Single-celled predator evolves tiny, human-like 'eye'

A single-celled marine plankton evolved a miniature version of a multi-cellular eye, possibly to help see its prey better, according to University of British Columbia (UBC) research published today in Nature. In fact, the 'ocelloid' within the planktonic predator looks so much like a complex eye that it was originally mistaken for the eye of an animal that the plankton had eaten.

“It’s an amazingly complex structure for a single-celled organism to have evolved,” said lead author Greg Gavelis, a zoology PhD student at UBC. “It contains a collection of sub-cellular organelles that look very much like the lens, cornea, iris and retina of multicellular eyes found in humans and other larger animals.”

Scientists still don’t know exactly how the marine plankton, called warnowiids, use the eye. Warnowiids use small harpoon-like structures to hunt prey cells in the plankton, many of which are transparent.

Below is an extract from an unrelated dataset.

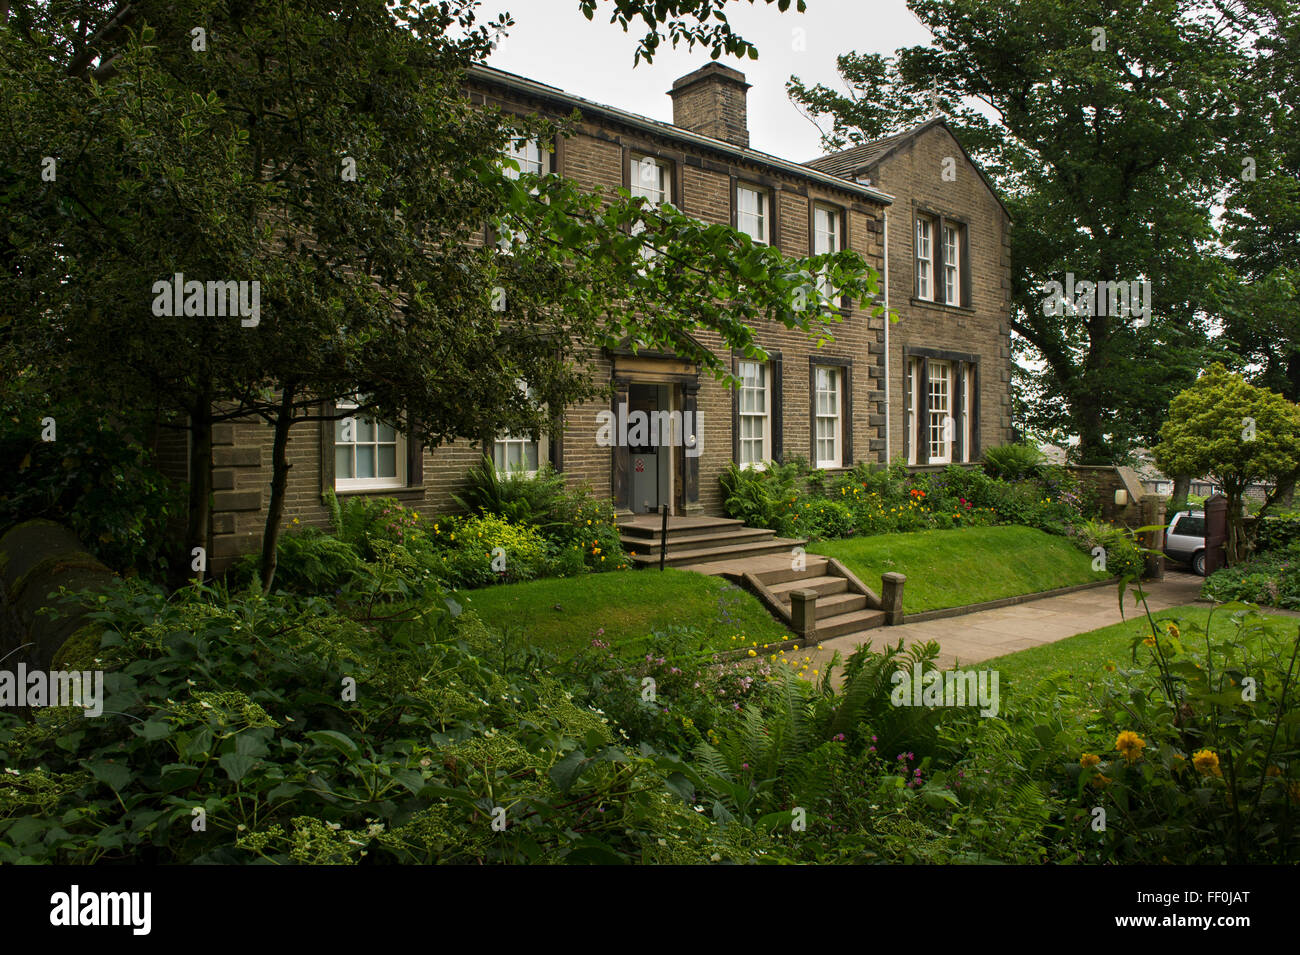 Bronte Parsonage Museum & Garten - historisches Haus, in dem die Familie Bronte lebte (literarisches und kulturelles Erbe) - Haworth, West Yorkshire, England, Großbritannien. Stockfoto

The researchers speculate that the eye helps warnowiids detect shifts in light as it passes through their transparent prey. The structure could then send chemical messages to other parts of the cell, showing them in which direction to hunt.

“The internal organization of the retinal component of the ocelloid is reminiscent of the polarizing filters on the lenses of cameras and sunglasses,” said UBC zoologist Brian Leander, senior author on the paper. “It has hundreds of closely packed membranes lined up in parallel.”

The researchers—including the labs of UBC microbiologist Patrick Keeling and virologist Curtis Suttle—gathered samples of warnowiids off the coasts of B.C. and Japan.

The team analyzed the eye-like structure using state of the art microscopy at the Centre for High-Throughput Phenogenomics at UBC. The microscopes enable the reconstruction of three dimensional structures at the subcellular level.

The work sheds new light on how very different organisms—in this case warnowiids and animals—can evolve similar traits in response to their environments, a process known as convergent evolution.

“When we see such similar structural complexity at fundamentally different levels of organization in lineages that are very distantly related, then you get a much deeper understanding of convergence,” says Leander.

The research was supported by the Canadian Institute for Advanced Research, the Tula Foundation, and the Natural Sciences and Engineering Research Council of Canada.